I observed that I’ve evolved to a point where. Like you said when I acknowledged that I’m a growing evolving person. I want to keep learning. I want to keep changing. I want to keep absorbing new perspectives and ideas and information. Who I am is not who I’m going to be 3, 5, 7, 10 years from now because of the natural curiosity and desire for growth and change. To go back to what Jason brought up about this alpha male stuff. I remember years back feeling scrawny and skinny. Somebody I was dating at the time was like, “Ryan Gosling is so hot.” I looked at his body and looked at how muscular he is. I started taking all this testosterone booster and I started going to the gym all the time.

I started getting aggressive sexually in the relationship. I was like, “This isn’t me.” I’m taking all this testosterone stuff, working out hard and being extra dominant in the bedroom. I realized that I was defaulting to that old behavior of trying to adapt to something that I think she wants that isn’t me. It’s dangerous because I found that I was losing so much of the core of who I was in the process, trying to be something I wasn’t. I’m glad I did it so I could experience those things, but I’m at the point where, “This is who I am, or at least who I think I am. I’m either your flavor of ice cream or I’m not. I’m a mint chocolate chip. If you want rocky road or triple raspberry fudge, go and find that elsewhere. I might have different toppings from time to time and different sauces on top, but at the core I know I am motherfucking mint chocolate chip.”

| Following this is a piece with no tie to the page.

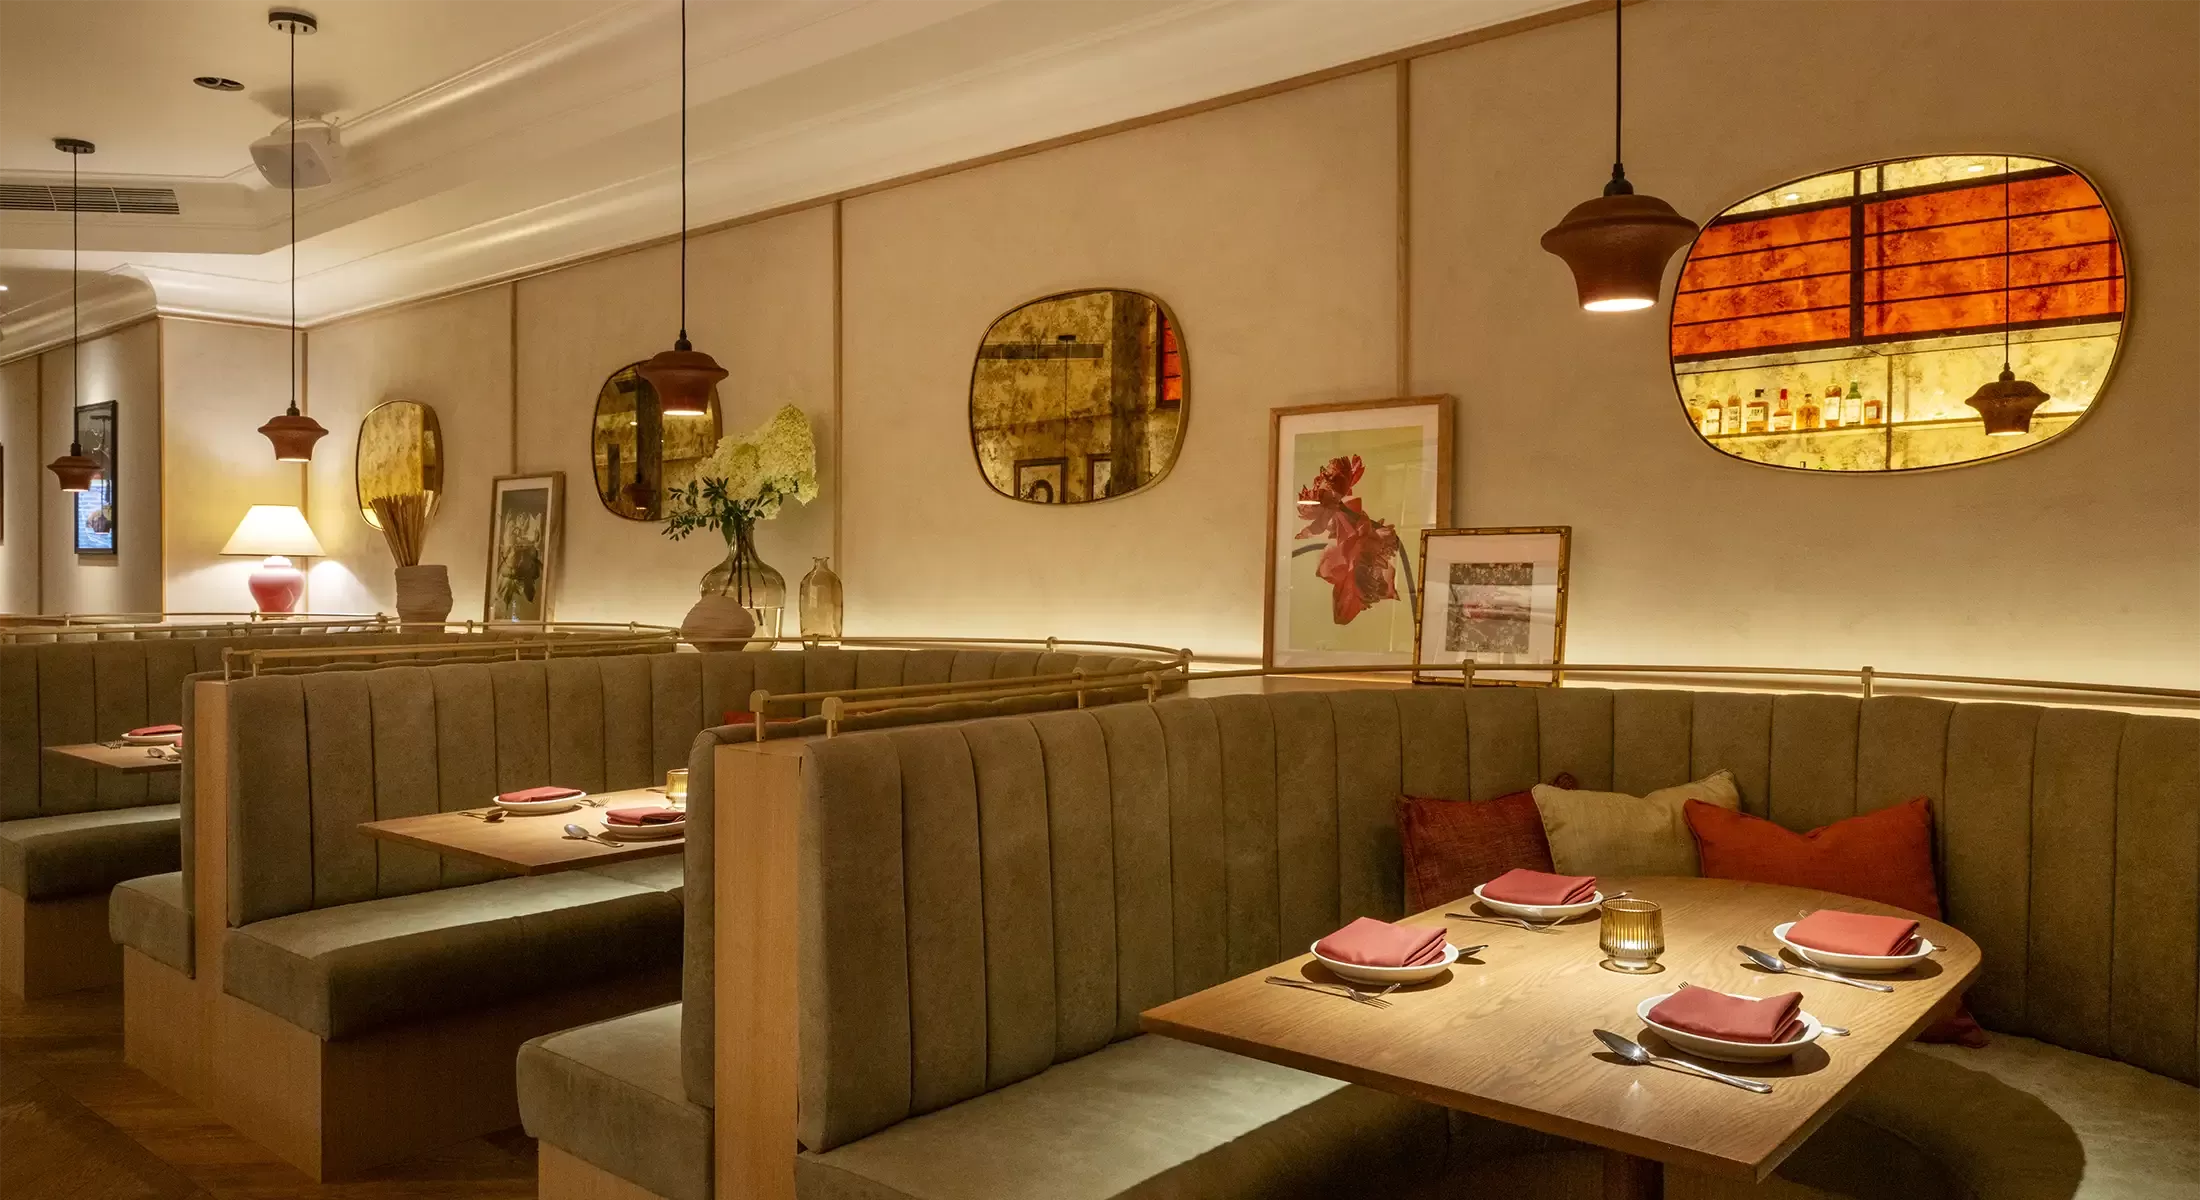 Ralph Lauren's chic restaurant delivers a taste of America on

I’m curious about Jason’s perspective on this. It’s valuable to learn new things about ourselves. To uncover things and to understand ourselves better. Personal development is a big passion of mine and Jason Wrobel’s. It sounds like Jason Green as well. It’s like, “How can we improve?” Going back to what Jason Green was saying, we can also become obsessed with improving, getting better, and getting more changing all the time. To me, not only does it help for me to accept myself more, because the more I accept myself and say, “I’m okay, and I’m good the way I am. I’m worthy. I’m enough.” A huge issue is not feeling good enough. The more that I accept myself, the more I can relax into myself and then evolve when I feel. I’m changing as an experiment.

It’s like what you were saying, Jason. It’s nice to experiment with things, but I’m not doing it because I feel like I have to. The same thing is true in relationships. How good does it feel when you know that somebody loves you for who you are, and they accept you fully for who you are? They’re willing to be there with you as you evolve. There’s so much anxiety that we have with relationships. We’re trying to maintain things that nobody ever leaves us, and we never feel rejected. We tiptoe around. Maybe not everybody approaches it, but it seems like this very common thing is not wanting to disrupt the good that we have. When things get bad, it’s scary.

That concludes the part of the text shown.